One of the legendary events in the history of analytics was the original Netflix prize. The event led to a terrific example of the need to focus on not only theoretical results, but also pragmatically achievable results, when developing analytic processes.
For those who aren’t familiar with the story, not quite 10 years ago, Netflix was having trouble achieving the desired improvement in its recommendation algorithms. There were smart people working on the problem, but progress had slowed as they used all the tricks and techniques that they knew. As a result, Netflix decided to do something that was, at the time, novel and unexpected.
A SIMPLE ANALYTICS CHALLENGE
Netflix took a large piece of its data, anonymized it and made it available on the web for anyone to access. The analytics question was simple: can you build an algorithm that beats the performance of the Netflix baseline process by at least 10%. Success would be judged based on how the algorithm performed on a holdout sample that only Netflix had access to. Be the first to succeed and a $1 Million prize would come your way!
Many individuals and teams stepped up to the challenge. Over many months, teams experimented and compared results. Performance kept improving until one fateful day when, in a dramatic finish straight out of a movie, two teams submitted winning entries just minutes apart! Netflix paid out the prize money and the contest became a legend. The concept was so well liked that analytic contests are now commonplace. It all sounds great, right? Netflix had the new algorithm driving value for them in short order, didn’t it? Unfortunately, the answer is “no”!
AN UNEXPECTED OUTCOME
Netflix asked contestants to beat its baseline lift by 10%. However, a very important criterion was left out. It ends up that the winning solution was quite complex and didn’t scale well. As a result, Netflix stated that the “additional accuracy gains that we measured did not seem to justify the engineering effort needed to bring them into a production environment.” Wow! While the story leading to the prize is legendary, very few people are aware of how the story really ended. Two accounts of the failure of the algorithm in practice can be found here at Forbes and here at Wired.

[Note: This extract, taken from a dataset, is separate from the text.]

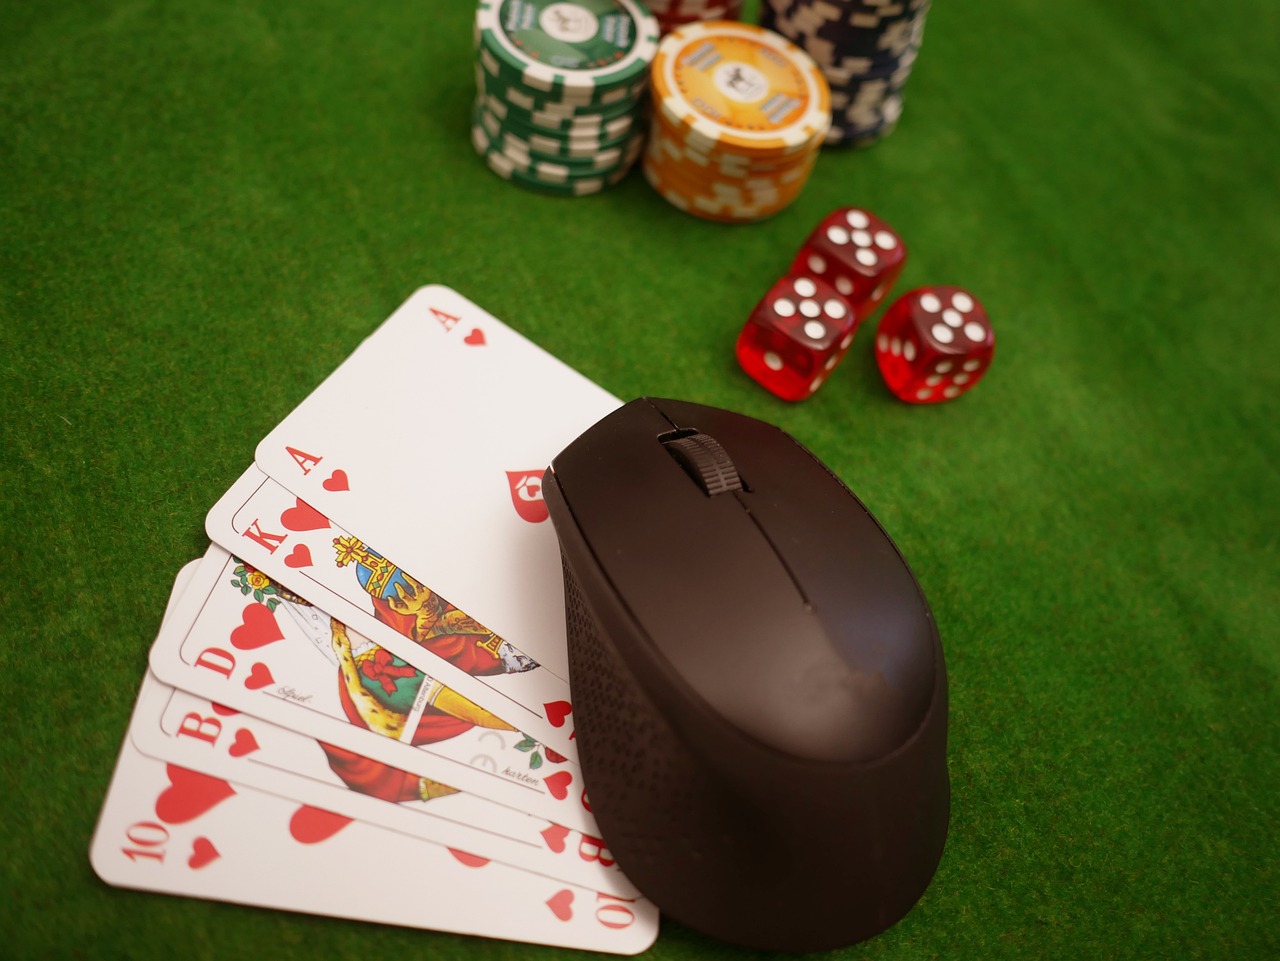 Een pokertafel met daarop een aantal pokerschijfjes, dobbelstenen, kaarten en een computermuis

The failure stemmed directly from the fact that Netflix omitted a critical constraint from the contest. Namely, to beat the existing algorithm by 10% using a process that would scale for a reasonable cost to the level Netflix required. What the $1 Million bought Netflix was a terrific theoretical solution that couldn’t meet the needs of the enterprise in practice. I have built processes with this same problem in the past.
I am not suggesting that the Netflix prize was a waste of money. After all, Netflix got well over $1 Million of labor for free, learned a lot about how different approaches worked, and achieved a major public relations coup that is still paying dividends today. Certainly Netflix is satisfied with the results even though the solution wasn’t implemented. Even in that case, it doesn’t negate the fact that the initial goal of the contest was not achieved.
BE SURE YOU ASK THE RIGHT QUESTION
The moral to the story is that in today’s world of huge data sources and complex analytics, we can’t live in the realm of the theoretical. We must also apply pragmatic constraints to our analytic processes from the outset. An elegant solution isn’t any good if it can’t be implemented at scale. As the analytics revolution continues to progress, we must make sure that we account for the operational, organizational, and cultural realities that will also be present as we deploy sophisticated analytics within our business processes.
The uncomfortable truth is that we must start to optimize the results we can actually achieve rather than the results we can theoretically achieve. These two standards can be quite divergent in the world of big data. Instead of focusing solely on the power of the analytics themselves, also require that the process will meet other, more pragmatic goals as well. If your solution won’t scale, or your corporate systems can’t make use of the results, or your people will refuse to use the results, then all the theoretical value in the world will yield nothing in practice.
Which would you prefer to bet your career and your company’s future on:
A theoretically awesome analytic process that will only meet a small fraction of its potential due to other constraints?
OR
A theoretically inferior solution that will meet its full potential and surpass the performance of the theoretically better solution in the real world?
You should choose the latter every time. Whenever you are looking to build a new and innovative analytic process, make sure that the challenge posed to the analytics professionals assigned includes the practical constraints that must be accounted for.